Congress Looking Into New Possible Evidence That Obama Administration Spied On Trump

In the midst of all the controversy surrounding President Trump’s Tweet that the Obama Administration spied and wiretapped Trump Tower, Congress is preparing to inspect evidence that may show that organizations such as the National Security Agency did spy on Trump. The NSA is expected to produce documents that may show a “smoking gun” pointing at surveillance of Trump under the guise of legitimate monitoring of foreign targets.

Obama Administration Spied On Trump

Congress Looks Into Possible Evidence That Obama Administration Spied On Trump

Attorneys and congressional investigators are expected to have a handle on these extensive documents by some point next week. House Intelligence Committee chairman Devin Nunes, R-CA, has spearheaded the effort to collect and organize evidence pointing at Obama’s efforts to collect communications that were sent and received by Trump and members of his presidential campaign. Some of the information is classified, so Nunes was deliberately vague about their contents when talking to reporters.

“What I’ve read bothers me,” he said, “and I think it should bother the president himself, and his team because I think some of it seems to be inappropriate.”

The CIA has also indicated a willingness to cooperate with the investigation, but the FBI has remained unresponsive to the House Intelligence Committee’s request for documents. It’s notable that the current FBI director, James Comey, is a holdover from the Obama administration who may have ties with the Clintons through government contractors that supported the Clinton campaign and made donations to the Clinton Foundation. Despite the FBI’s reluctance to turn over documents, Comey has testified under oath before the Intelligence Committee regarding both the wiretapping accusations and ongoing investigations into the Trump campaign’s alleged ties to the Russians.

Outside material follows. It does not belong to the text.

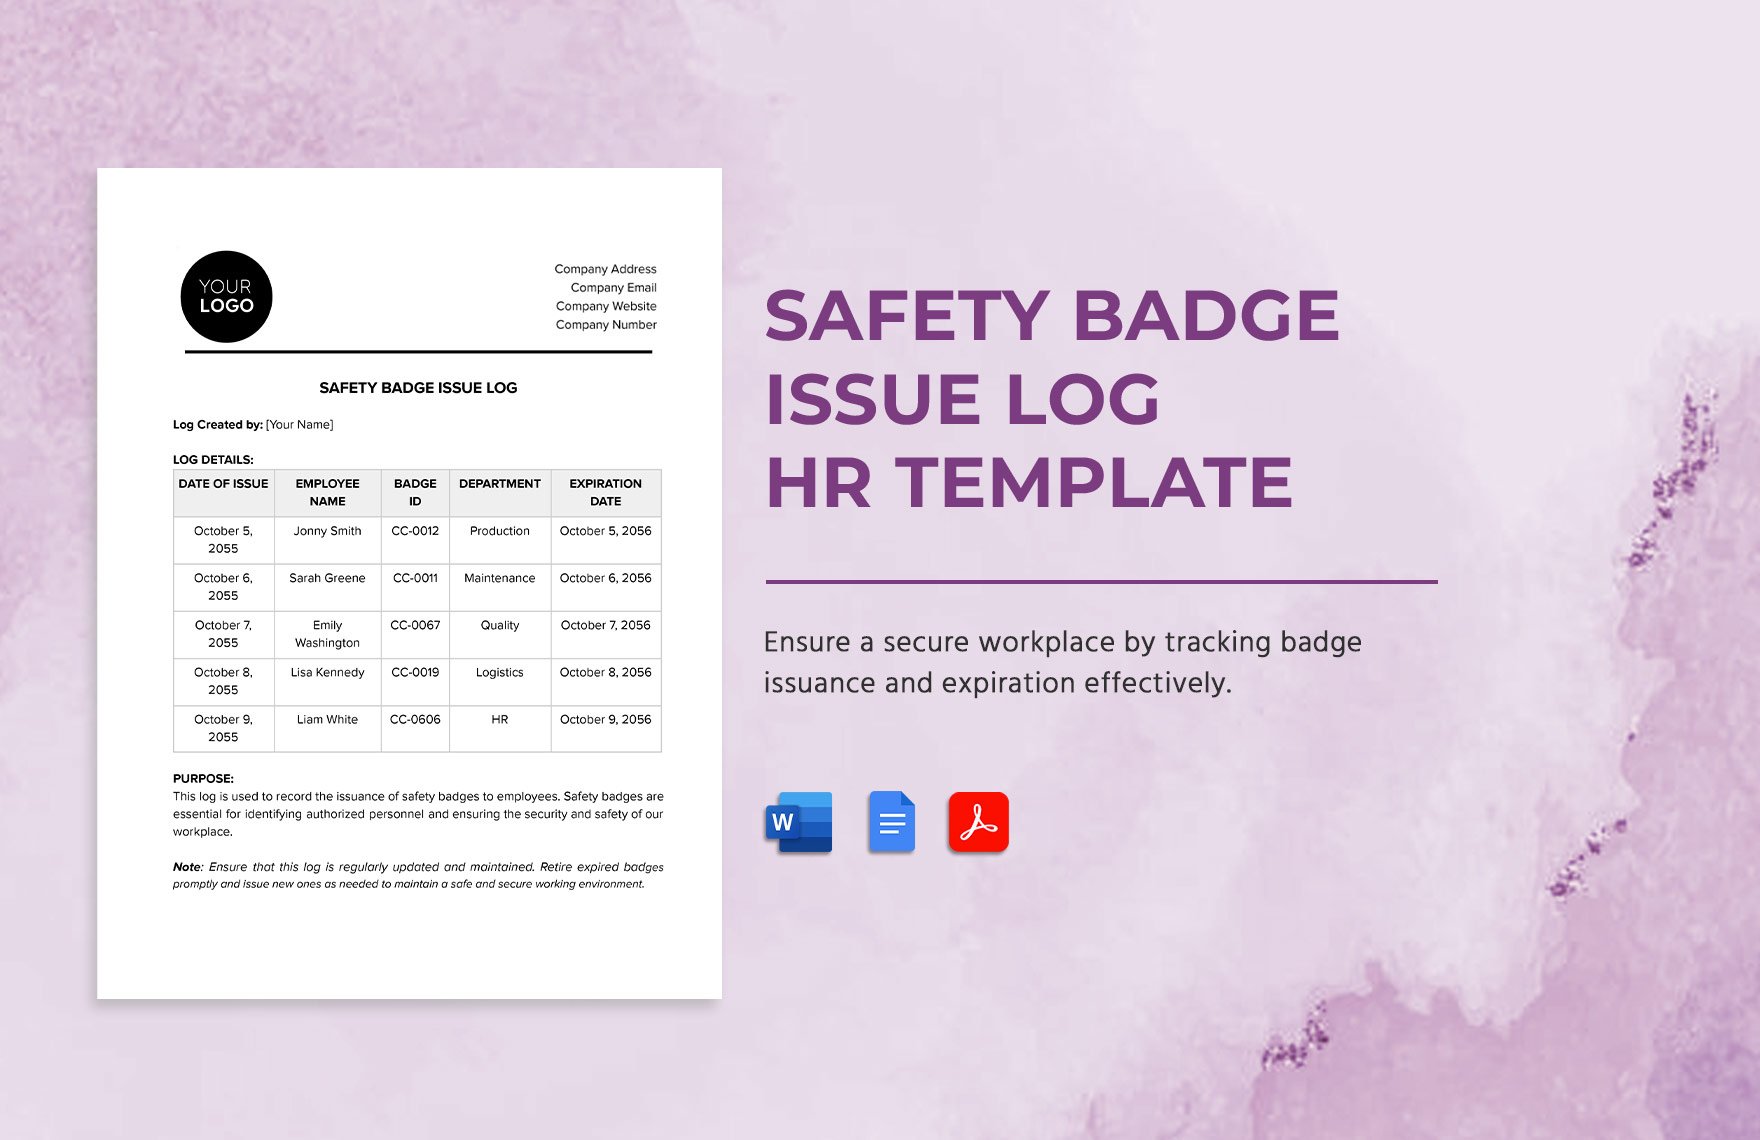 Safety Badge Issue Log HR Template

Congress Looks Into Possible Evidence That Obama Administration Spied On Trump

Conservative commentators have accused him of lying under oath at least three times by denying that the FBI used wiretapping in an attempt to connect the dots between Trump and the Russians. Comey’s denials have been contradicted by New York Times headlines. If true, commentators say that this could be grounds for impeachment proceedings although they do note that impeachment would only be the first step in removing Comey from his position as FBI director So it may be no surprise that the FBI is being slow to respond to requests from the House Intelligence Committee.

The House Intelligence Committee investigation had previously been an open one, but has now been closed to the frustration of House Democrats, likely due to the classified nature of some of the documents involved. Some of these documents name individuals who may have either been involved in the wiretapping operation, or may have been targeted by an improper wiretap. Mr. Nunes said in response to a question regarding individuals mentioned in a recent press report, “We are not going to get into a neo-McCarthyism here,” referring to a period in the 1950s when careers could be ruined and people subjected to unwarranted investigations and illegal wiretapping on the merest suspicion that they were Communist sympathizers.

If the Obama Administration did uncover evidence that President Trump conspired with the Russians to rig the elections, it failed to convincingly reveal that evidence in time to make much of a difference. As this Fox News article mentioned, some of the wiretapping-related documents are classified, but that wouldn’t have stopped any incriminating information from being revealed to the press in a conveniently timed leak. However, the central issue in this case is not whether the Obama Administration found any evidence that officials in the Trump campaign had anything other than completely open meetings with the Russians. The issue is whether organizations like the NSA and FBI might have violated the Fourth Amendment rights of officials in the Trump campaign by illegally wiretapping private property. Representative Nunes characterizes the surveillance outlined in the documents that the Intelligence Committee received as being, at best, “legal but troubling.”